▶ **DATA EXTRACT**:
━━━━━━━━━━━━━━━━
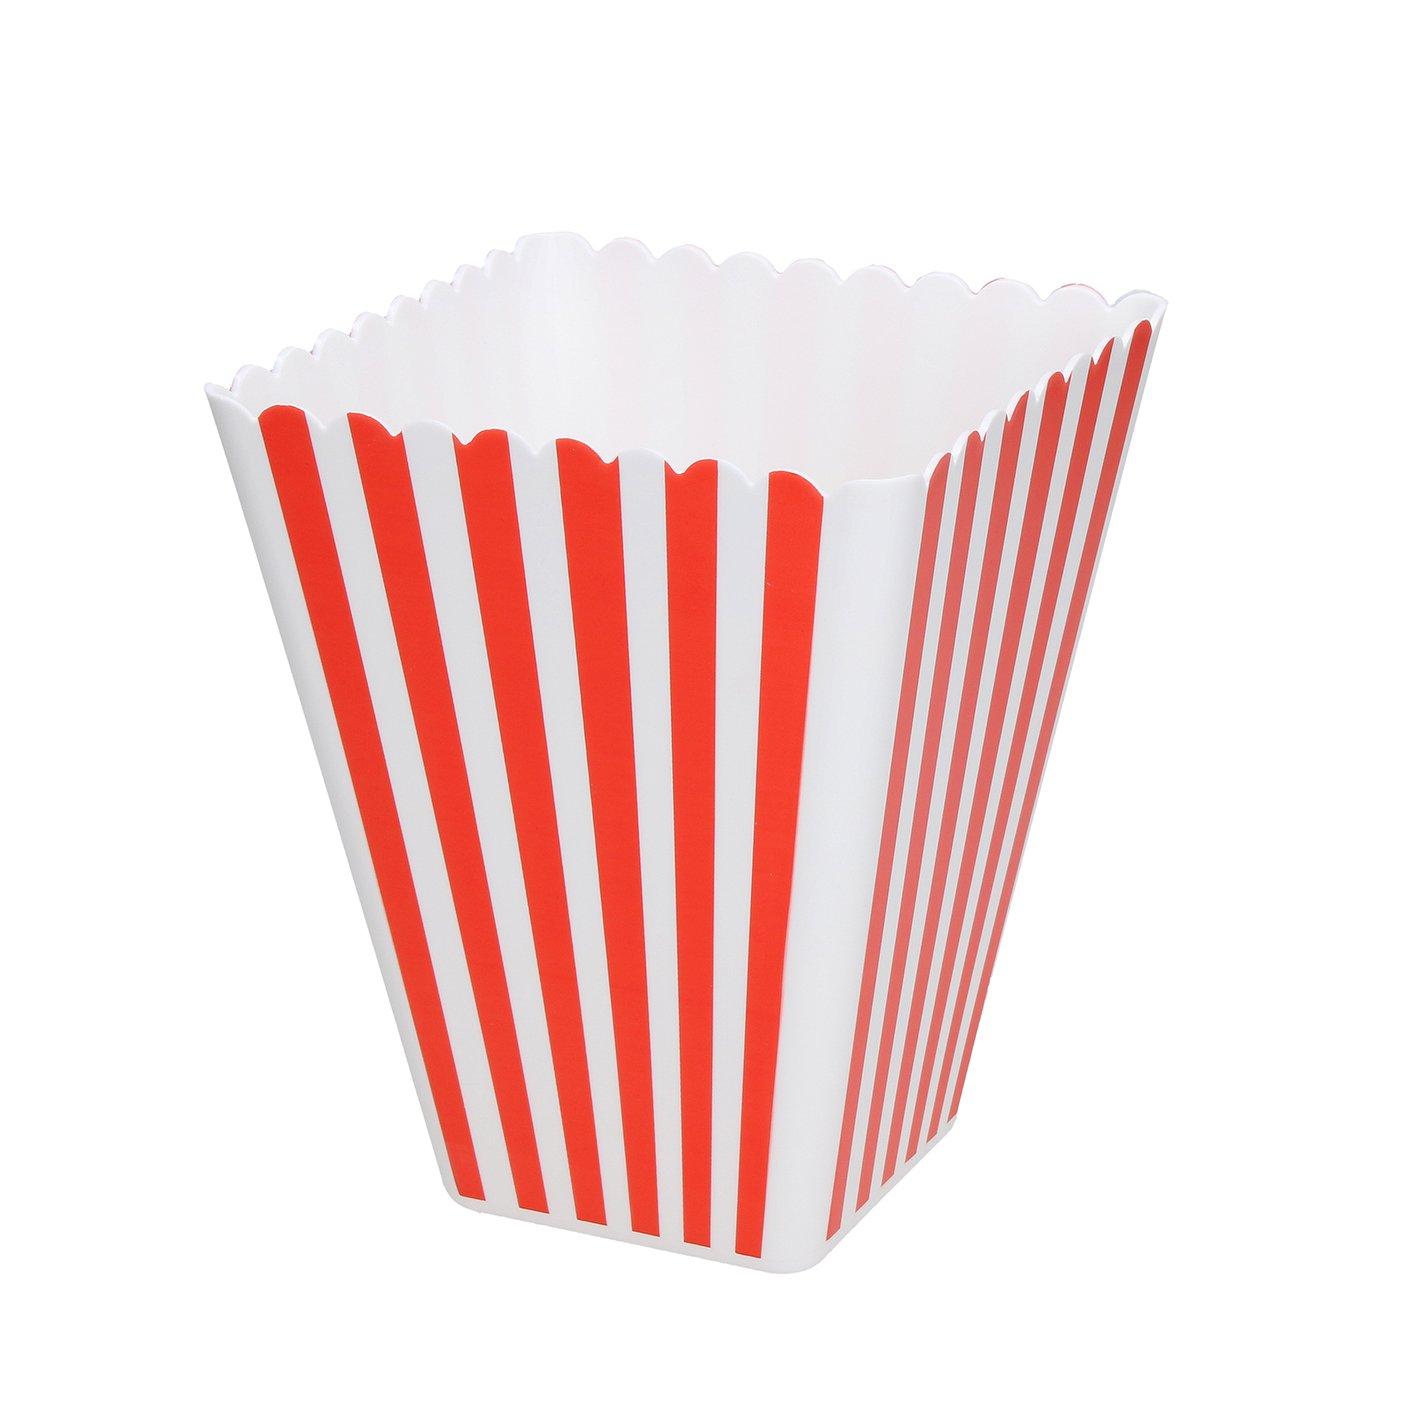 Al palomitas popcorn Carcasa rígida
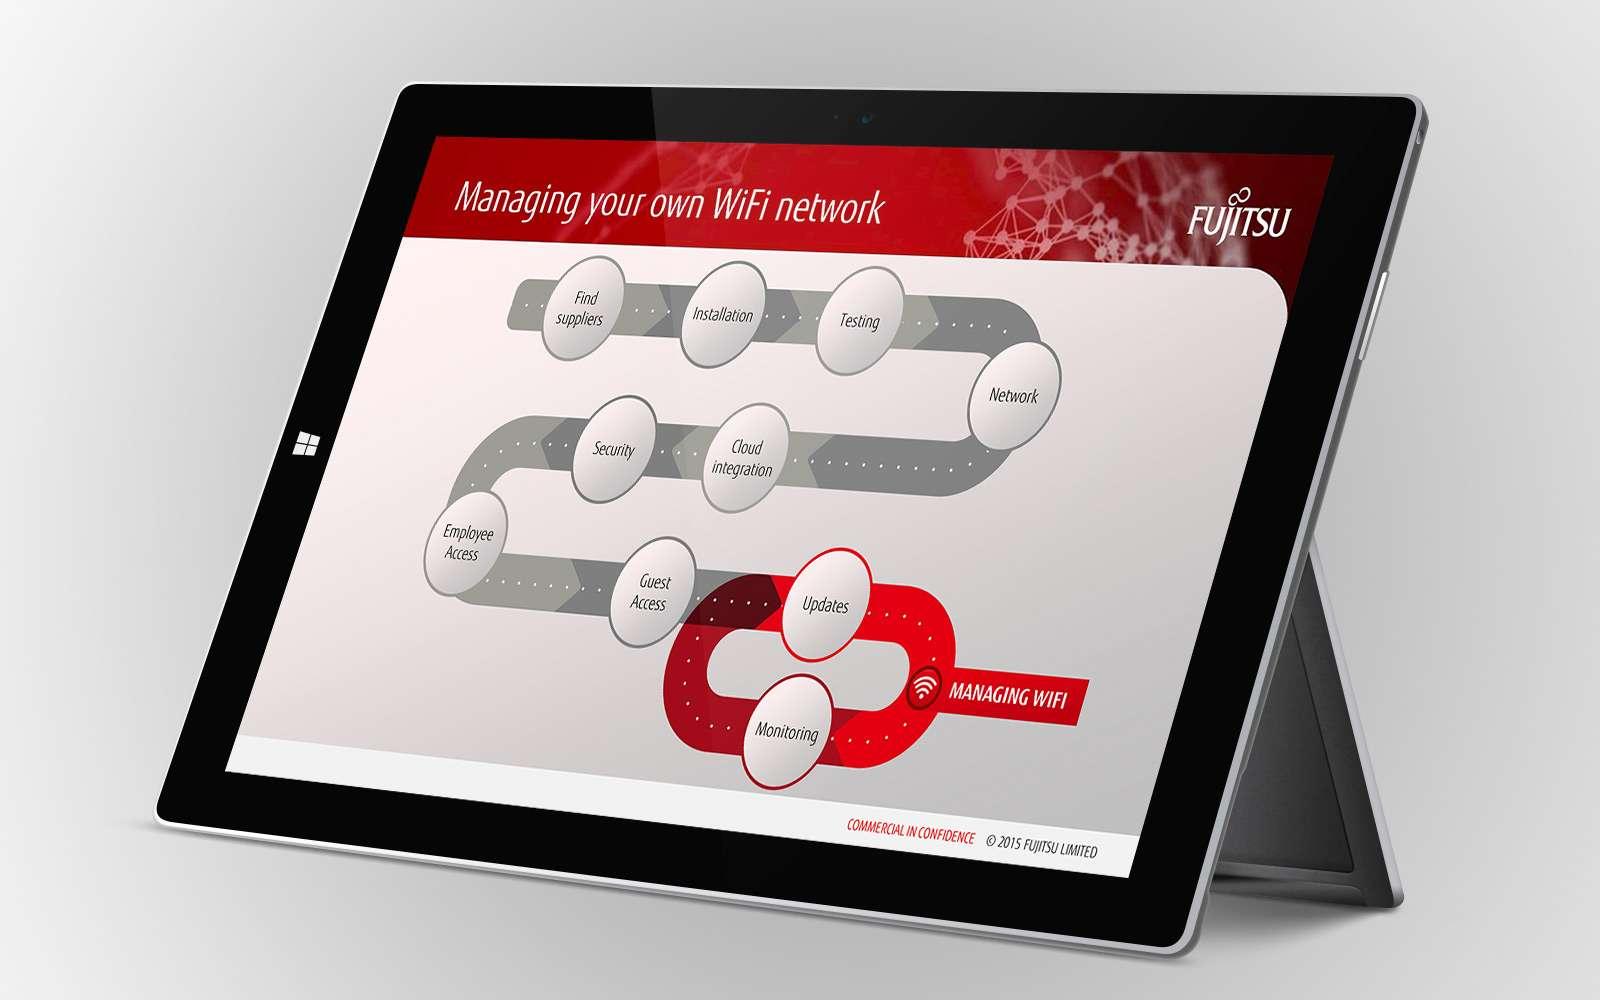 Black iPad displaying Fujitsu interactive touchscreen sales enablement tool
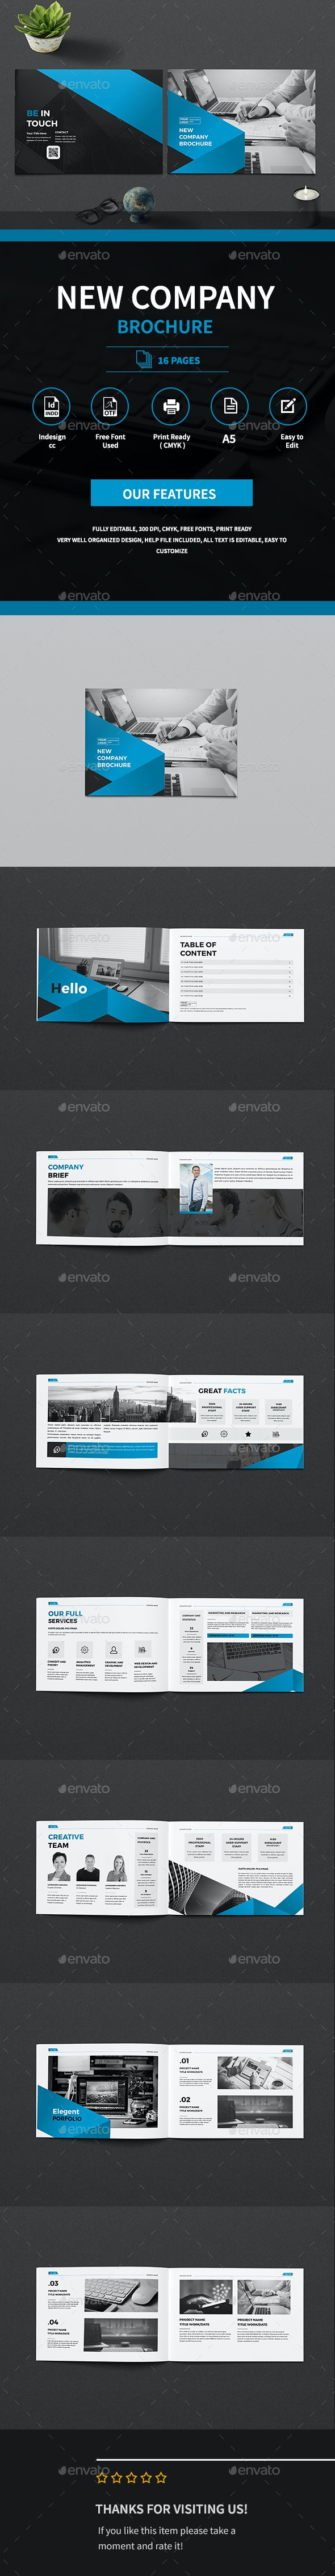 A5 Business Company Brochure - Corporate Brochures
━━━━━━━━━━━━━━━━
▶ **WHAT YOU ARE ASKED TO DO**:
The lines from the one containing "Black iPad displaying" through the end of the data above are to be copied exactly, both ends included, and pictures are to be omitted.

▶ **RESPONSE**:
 Black iPad displaying Fujitsu interactive touchscreen sales enablement tool
 A5 Business Company Brochure - Corporate Brochures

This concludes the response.